Read more about this research using this link.

8. RelayLLM: Efficient Reasoning via Collaborative Decoding

This research paper presents RelayLLM, a method that improves reasoning by combining small and large language models at the token level.

Instead of sending entire queries to a large model, RelayLLM allows a small model to act as a controller that only calls the larger model when necessary for critical tokens, which significantly cuts down on computation.

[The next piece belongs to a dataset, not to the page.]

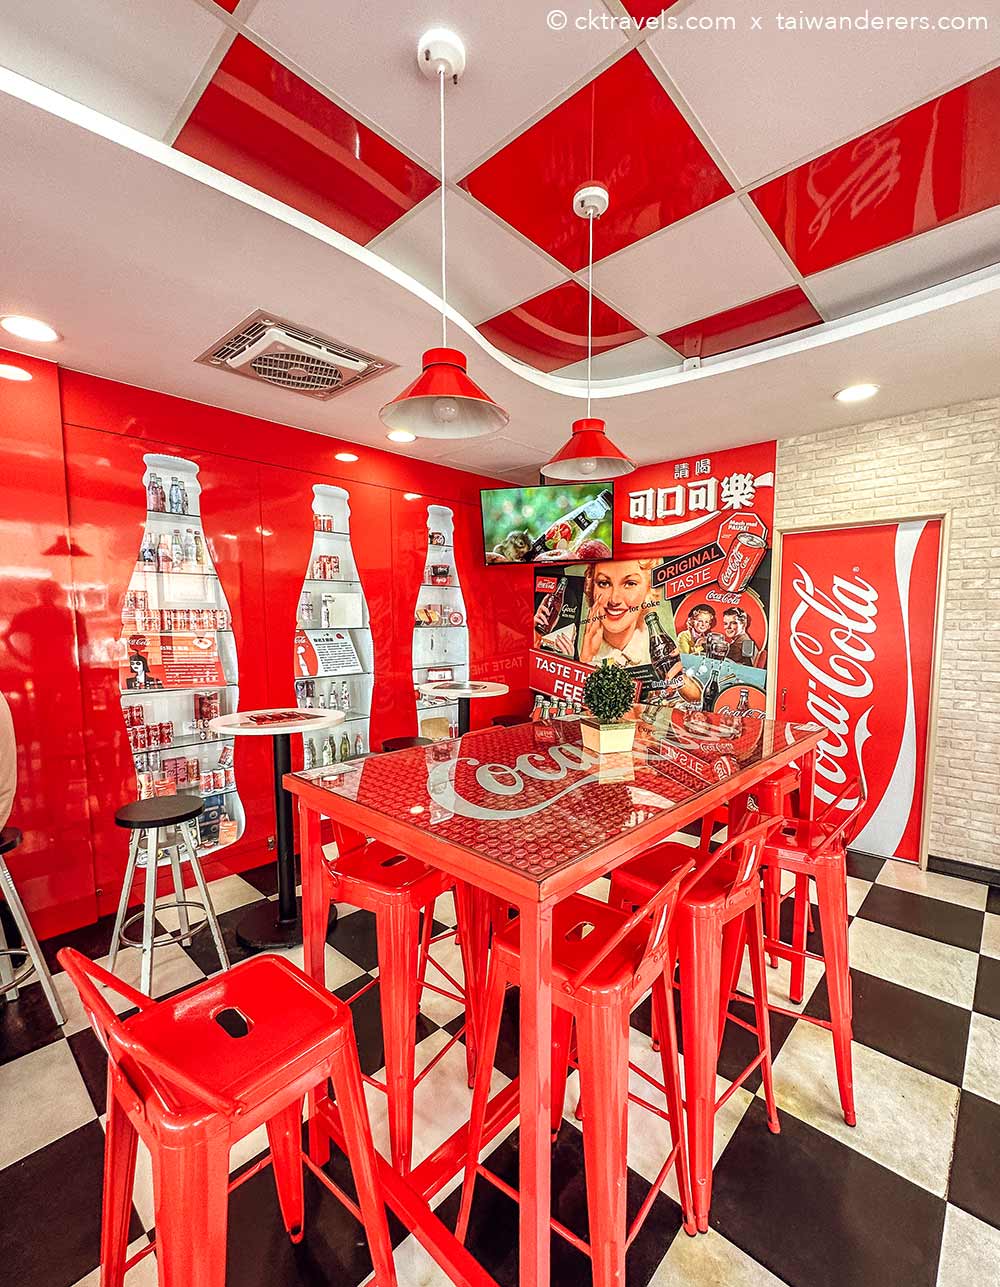 Coca Cola themed 7-eleven convenience store in Taipei Taiwan

A two-stage training method, consisting of warm-up and Group Relative Policy Optimization (GRPO), teaches the small model when to seek assistance.

In six benchmarks, RelayLLM narrows the performance gap between the two models while using the large model for only about 1.07% of tokens, resulting in roughly a 98.2% reduction in costs compared to performance-matched random routers.

Read more about this research using this link.

9. CoV: Chain-of-View Prompting for Spatial Reasoning

This research paper presents Chain-of-View (CoV) prompting, a training-free, test-time method that makes a vision-language model (VLM) into an active spatial reasoner for answering questions in 3D environments.

Standard VLMs can only handle a fixed set of input views, which limits their ability to perform complex spatial reasoning.

CoV solves this issue by using a View Selection agent to pick relevant frames. It then adjusts viewpoints through reasoning and discrete camera actions to collect the context needed for answering questions.

When tested on multiple benchmarks, CoV significantly boosts spatial reasoning performance. For instance, it shows an improvement of 11.56% on LLM-Match and achieves strong results on ScanQA and SQA3D, all without requiring extra training.

Read more about this research using this link.

10. SimpleMem: Efficient Lifelong Memory for LLM Agents

This research paper introduces SimpleMem, an effective lifelong memory system for LLM-based agents.

Current methods either keep full interaction histories, which is unnecessary, or depend on expensive reasoning to eliminate noise.

SimpleMem solves this with a three-stage pipeline that improves how memory is used and retrieved, comprising:

Semantic Structured Compression, which uses entropy-aware filtering to turn unstructured interactions into compact, multi-view indexed memory units
Recursive Memory Consolidation, an asynchronous process that combines related units into higher-level abstract representations to cut down on redundancy.
Adaptive Query-Aware Retrieval, which dynamically adjusts the retrieval scope based on query complexity to create precise context efficiently.

In benchmarks, SimpleMem improves accuracy with an approximate 26.4% F1 score improvement. At the same time, it reduces inference-time token usage by nearly 30 times. This creates a strong balance between performance and efficiency for long-term agent interaction.